What you will do
From the line with "Season Evans - Mighty Lucky February Edition" through the line with "Leech Lattice and", inclusive, return each line of the data below exactly and leave the rest out.
Task data Block Start
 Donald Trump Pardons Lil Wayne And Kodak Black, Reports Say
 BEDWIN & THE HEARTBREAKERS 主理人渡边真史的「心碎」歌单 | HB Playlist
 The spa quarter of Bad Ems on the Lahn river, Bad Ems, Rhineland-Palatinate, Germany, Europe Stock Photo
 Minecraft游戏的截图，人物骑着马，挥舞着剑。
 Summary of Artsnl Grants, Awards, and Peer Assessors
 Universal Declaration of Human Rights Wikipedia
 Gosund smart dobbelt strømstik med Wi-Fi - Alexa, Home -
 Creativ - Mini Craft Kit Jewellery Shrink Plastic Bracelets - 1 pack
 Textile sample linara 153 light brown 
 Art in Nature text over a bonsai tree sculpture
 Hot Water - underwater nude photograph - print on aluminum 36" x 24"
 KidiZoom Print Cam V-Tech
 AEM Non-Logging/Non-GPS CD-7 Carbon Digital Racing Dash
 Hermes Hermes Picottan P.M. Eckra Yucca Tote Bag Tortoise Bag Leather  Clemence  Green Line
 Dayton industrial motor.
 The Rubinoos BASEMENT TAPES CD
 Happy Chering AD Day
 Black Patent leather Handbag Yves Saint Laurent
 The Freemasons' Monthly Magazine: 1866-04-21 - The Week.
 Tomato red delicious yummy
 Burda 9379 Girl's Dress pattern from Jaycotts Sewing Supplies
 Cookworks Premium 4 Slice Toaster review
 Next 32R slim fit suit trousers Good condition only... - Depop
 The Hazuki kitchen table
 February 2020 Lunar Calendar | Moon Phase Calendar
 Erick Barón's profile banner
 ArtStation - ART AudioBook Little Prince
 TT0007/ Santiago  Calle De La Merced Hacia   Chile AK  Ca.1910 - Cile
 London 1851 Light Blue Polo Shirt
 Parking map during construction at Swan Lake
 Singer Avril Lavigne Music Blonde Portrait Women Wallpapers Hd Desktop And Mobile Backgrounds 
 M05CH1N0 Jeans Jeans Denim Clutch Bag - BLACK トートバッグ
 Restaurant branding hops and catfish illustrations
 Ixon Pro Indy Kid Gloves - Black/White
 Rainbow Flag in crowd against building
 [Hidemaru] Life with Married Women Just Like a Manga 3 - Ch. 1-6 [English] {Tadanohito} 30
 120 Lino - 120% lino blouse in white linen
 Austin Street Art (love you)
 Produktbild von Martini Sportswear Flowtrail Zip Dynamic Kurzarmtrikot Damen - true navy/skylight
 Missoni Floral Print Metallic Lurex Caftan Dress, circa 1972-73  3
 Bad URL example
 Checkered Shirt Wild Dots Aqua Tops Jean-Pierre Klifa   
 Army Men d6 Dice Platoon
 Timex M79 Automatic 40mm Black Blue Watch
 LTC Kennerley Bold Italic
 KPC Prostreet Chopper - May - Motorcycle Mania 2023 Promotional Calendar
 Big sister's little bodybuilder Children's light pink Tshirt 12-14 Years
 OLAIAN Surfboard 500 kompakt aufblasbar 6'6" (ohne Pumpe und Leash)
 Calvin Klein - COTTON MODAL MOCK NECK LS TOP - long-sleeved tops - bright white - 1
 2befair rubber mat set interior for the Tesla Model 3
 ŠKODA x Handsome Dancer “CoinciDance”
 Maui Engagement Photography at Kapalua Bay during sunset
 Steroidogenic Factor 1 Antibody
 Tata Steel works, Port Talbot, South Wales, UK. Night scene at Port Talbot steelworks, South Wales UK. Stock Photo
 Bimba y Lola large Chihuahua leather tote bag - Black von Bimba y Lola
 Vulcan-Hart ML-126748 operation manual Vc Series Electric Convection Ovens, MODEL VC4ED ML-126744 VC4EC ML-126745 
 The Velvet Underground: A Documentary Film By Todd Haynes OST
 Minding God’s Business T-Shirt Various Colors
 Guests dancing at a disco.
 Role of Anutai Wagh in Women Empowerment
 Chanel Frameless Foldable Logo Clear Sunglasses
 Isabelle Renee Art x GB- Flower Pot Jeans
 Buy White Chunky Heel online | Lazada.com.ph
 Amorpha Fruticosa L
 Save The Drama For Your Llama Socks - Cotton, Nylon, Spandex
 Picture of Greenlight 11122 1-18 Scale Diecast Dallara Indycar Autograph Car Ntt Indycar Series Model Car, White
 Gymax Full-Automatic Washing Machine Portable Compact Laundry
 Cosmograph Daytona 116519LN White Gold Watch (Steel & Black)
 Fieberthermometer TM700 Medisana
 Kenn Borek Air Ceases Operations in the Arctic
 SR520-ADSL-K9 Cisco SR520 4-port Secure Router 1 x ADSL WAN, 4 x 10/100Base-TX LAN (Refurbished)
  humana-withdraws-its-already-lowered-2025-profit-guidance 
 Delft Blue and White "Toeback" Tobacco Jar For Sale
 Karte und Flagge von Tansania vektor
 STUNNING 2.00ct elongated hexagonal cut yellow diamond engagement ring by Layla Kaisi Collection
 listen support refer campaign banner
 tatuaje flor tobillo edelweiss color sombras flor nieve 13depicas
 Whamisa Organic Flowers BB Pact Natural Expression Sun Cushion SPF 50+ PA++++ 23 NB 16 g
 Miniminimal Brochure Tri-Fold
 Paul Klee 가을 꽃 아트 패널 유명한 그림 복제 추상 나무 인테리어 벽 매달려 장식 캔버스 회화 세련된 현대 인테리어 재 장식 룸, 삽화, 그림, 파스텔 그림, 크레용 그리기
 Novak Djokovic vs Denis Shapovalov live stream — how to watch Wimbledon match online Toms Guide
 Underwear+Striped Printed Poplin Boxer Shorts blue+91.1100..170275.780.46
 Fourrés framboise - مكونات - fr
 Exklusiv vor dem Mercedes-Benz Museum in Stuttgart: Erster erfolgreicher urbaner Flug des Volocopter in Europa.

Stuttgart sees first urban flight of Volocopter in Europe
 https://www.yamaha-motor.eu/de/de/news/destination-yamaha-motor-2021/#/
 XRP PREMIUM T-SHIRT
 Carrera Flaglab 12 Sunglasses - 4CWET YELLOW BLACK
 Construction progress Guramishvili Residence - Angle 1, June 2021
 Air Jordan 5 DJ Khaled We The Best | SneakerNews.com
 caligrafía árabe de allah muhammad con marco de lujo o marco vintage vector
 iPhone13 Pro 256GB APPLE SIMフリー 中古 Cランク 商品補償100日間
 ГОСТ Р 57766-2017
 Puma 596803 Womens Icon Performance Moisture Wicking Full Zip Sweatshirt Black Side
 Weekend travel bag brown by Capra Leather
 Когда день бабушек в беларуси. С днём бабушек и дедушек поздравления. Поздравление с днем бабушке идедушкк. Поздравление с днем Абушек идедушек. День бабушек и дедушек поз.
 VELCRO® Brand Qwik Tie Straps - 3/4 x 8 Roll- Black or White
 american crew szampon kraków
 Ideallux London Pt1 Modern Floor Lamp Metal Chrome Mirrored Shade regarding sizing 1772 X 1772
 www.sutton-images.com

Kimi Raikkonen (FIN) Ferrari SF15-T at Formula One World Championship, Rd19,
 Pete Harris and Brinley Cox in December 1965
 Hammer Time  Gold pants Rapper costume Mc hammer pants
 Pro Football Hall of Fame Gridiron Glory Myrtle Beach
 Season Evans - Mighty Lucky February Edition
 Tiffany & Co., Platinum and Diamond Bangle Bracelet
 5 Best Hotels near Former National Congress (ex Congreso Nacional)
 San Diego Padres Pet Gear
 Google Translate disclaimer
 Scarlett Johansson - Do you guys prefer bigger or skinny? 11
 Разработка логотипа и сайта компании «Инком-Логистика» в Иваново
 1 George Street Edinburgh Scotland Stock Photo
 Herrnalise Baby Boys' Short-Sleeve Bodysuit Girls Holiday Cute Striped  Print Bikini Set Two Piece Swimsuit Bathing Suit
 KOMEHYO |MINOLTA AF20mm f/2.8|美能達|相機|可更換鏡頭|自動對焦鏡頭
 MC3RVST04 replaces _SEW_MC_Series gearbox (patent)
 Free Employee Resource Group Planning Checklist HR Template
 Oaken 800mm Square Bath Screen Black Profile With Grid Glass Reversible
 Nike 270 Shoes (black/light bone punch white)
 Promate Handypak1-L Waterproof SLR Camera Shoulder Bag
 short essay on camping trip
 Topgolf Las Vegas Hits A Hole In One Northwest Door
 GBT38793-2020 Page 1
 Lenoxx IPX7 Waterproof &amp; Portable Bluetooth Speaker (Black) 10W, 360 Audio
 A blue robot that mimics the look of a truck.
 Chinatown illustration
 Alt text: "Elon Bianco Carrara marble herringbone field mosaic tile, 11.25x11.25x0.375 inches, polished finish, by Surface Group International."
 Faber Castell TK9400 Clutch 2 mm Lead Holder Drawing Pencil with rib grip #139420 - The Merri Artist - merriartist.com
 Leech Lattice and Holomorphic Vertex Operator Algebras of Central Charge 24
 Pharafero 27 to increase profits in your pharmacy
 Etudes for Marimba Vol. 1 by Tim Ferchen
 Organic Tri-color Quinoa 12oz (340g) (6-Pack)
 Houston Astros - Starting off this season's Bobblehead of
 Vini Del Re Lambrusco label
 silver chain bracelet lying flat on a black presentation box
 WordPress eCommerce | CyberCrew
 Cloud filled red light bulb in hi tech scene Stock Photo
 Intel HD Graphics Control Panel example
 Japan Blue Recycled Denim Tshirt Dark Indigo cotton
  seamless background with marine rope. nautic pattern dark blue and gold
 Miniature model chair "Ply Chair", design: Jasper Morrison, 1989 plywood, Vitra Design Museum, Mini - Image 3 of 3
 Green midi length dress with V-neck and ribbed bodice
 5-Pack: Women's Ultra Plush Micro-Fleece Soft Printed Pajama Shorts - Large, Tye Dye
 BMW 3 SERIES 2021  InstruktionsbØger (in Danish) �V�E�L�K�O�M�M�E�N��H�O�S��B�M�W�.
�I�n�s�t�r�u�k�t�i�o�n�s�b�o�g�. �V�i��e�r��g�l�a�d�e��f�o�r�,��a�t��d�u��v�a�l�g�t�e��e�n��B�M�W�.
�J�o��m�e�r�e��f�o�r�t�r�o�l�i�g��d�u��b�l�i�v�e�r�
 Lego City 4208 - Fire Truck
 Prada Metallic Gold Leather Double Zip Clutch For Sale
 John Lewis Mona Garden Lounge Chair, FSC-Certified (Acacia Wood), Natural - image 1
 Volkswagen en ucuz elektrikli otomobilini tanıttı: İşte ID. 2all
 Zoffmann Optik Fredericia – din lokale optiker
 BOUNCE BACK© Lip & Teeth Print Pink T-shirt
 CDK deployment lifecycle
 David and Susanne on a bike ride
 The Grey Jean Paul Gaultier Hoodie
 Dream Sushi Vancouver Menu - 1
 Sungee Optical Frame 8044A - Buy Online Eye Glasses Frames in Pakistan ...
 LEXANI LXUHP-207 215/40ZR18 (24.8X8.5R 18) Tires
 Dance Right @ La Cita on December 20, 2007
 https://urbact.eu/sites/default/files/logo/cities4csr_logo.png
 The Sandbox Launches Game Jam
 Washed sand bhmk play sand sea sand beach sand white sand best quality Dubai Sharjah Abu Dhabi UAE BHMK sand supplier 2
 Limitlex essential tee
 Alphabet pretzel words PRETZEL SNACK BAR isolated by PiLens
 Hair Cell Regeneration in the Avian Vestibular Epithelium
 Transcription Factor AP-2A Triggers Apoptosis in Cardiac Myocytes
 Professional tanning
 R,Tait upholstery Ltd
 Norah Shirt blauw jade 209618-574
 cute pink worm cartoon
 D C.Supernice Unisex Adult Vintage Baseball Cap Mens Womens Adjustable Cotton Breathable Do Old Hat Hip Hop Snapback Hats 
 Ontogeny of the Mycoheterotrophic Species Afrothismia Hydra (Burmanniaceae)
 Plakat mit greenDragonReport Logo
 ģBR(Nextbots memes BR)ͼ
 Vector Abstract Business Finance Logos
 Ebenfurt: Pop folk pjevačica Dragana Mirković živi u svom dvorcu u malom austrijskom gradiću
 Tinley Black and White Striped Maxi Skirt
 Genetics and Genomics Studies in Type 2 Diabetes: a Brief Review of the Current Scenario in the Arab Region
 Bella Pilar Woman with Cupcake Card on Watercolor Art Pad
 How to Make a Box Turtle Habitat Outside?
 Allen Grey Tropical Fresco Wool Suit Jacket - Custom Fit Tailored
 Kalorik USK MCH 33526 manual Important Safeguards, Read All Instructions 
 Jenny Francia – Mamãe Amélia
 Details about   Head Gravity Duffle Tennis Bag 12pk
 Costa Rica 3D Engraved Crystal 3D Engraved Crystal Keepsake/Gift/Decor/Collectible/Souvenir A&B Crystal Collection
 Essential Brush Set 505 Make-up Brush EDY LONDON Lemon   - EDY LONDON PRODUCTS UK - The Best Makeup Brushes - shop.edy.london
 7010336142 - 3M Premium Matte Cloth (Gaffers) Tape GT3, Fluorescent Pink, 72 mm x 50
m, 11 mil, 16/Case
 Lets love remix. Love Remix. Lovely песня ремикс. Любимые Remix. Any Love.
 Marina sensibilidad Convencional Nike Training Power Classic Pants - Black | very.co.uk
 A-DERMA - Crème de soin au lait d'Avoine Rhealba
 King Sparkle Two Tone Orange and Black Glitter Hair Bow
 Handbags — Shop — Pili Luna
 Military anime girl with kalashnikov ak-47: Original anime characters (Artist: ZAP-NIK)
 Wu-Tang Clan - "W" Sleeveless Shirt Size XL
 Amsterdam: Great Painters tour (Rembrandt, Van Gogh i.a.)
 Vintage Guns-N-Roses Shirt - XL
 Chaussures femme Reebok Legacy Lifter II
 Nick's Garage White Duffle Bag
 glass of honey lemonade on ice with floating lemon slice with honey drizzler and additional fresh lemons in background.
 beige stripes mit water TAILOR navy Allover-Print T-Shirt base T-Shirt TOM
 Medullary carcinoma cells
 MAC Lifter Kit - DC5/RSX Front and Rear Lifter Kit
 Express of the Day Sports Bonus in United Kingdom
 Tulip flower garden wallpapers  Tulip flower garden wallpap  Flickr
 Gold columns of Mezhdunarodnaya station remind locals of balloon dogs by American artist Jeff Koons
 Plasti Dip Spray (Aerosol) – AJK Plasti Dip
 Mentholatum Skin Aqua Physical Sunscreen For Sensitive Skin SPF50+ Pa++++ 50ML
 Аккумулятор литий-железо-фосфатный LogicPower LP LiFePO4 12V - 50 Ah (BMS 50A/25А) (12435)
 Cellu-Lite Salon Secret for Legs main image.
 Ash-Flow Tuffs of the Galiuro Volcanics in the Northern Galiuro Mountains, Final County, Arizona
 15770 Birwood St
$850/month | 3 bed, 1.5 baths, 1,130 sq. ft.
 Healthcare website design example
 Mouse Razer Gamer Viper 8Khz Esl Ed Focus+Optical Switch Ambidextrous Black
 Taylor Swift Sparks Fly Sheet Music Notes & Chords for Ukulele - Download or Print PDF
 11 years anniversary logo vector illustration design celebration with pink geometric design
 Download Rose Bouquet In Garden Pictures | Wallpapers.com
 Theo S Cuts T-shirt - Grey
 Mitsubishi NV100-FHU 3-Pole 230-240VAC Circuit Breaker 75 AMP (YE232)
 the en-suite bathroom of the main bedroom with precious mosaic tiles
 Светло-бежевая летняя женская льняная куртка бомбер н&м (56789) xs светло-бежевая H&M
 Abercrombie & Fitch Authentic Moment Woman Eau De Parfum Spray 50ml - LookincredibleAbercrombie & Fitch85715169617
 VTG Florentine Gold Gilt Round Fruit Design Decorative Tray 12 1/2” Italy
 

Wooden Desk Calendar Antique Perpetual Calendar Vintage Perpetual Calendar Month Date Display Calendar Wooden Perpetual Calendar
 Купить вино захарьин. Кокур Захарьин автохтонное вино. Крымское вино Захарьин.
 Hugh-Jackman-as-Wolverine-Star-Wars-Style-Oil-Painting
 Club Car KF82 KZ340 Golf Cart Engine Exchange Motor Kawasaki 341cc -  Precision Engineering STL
Task data Block End
Response box
 Season Evans - Mighty Lucky February Edition
 Tiffany & Co., Platinum and Diamond Bangle Bracelet
 5 Best Hotels near Former National Congress (ex Congreso Nacional)
 San Diego Padres Pet Gear
 Google Translate disclaimer
 Scarlett Johansson - Do you guys prefer bigger or skinny? 11
 Разработка логотипа и сайта компании «Инком-Логистика» в Иваново
 1 George Street Edinburgh Scotland Stock Photo
 Herrnalise Baby Boys' Short-Sleeve Bodysuit Girls Holiday Cute Striped  Print Bikini Set Two Piece Swimsuit Bathing Suit
 KOMEHYO |MINOLTA AF20mm f/2.8|美能達|相機|可更換鏡頭|自動對焦鏡頭
 MC3RVST04 replaces _SEW_MC_Series gearbox (patent)
 Free Employee Resource Group Planning Checklist HR Template
 Oaken 800mm Square Bath Screen Black Profile With Grid Glass Reversible
 Nike 270 Shoes (black/light bone punch white)
 Promate Handypak1-L Waterproof SLR Camera Shoulder Bag
 short essay on camping trip
 Topgolf Las Vegas Hits A Hole In One Northwest Door
 GBT38793-2020 Page 1
 Lenoxx IPX7 Waterproof &amp; Portable Bluetooth Speaker (Black) 10W, 360 Audio
 A blue robot that mimics the look of a truck.
 Chinatown illustration
 Alt text: "Elon Bianco Carrara marble herringbone field mosaic tile, 11.25x11.25x0.375 inches, polished finish, by Surface Group International."
 Faber Castell TK9400 Clutch 2 mm Lead Holder Drawing Pencil with rib grip #139420 - The Merri Artist - merriartist.com
 Leech Lattice and Holomorphic Vertex Operator Algebras of Central Charge 24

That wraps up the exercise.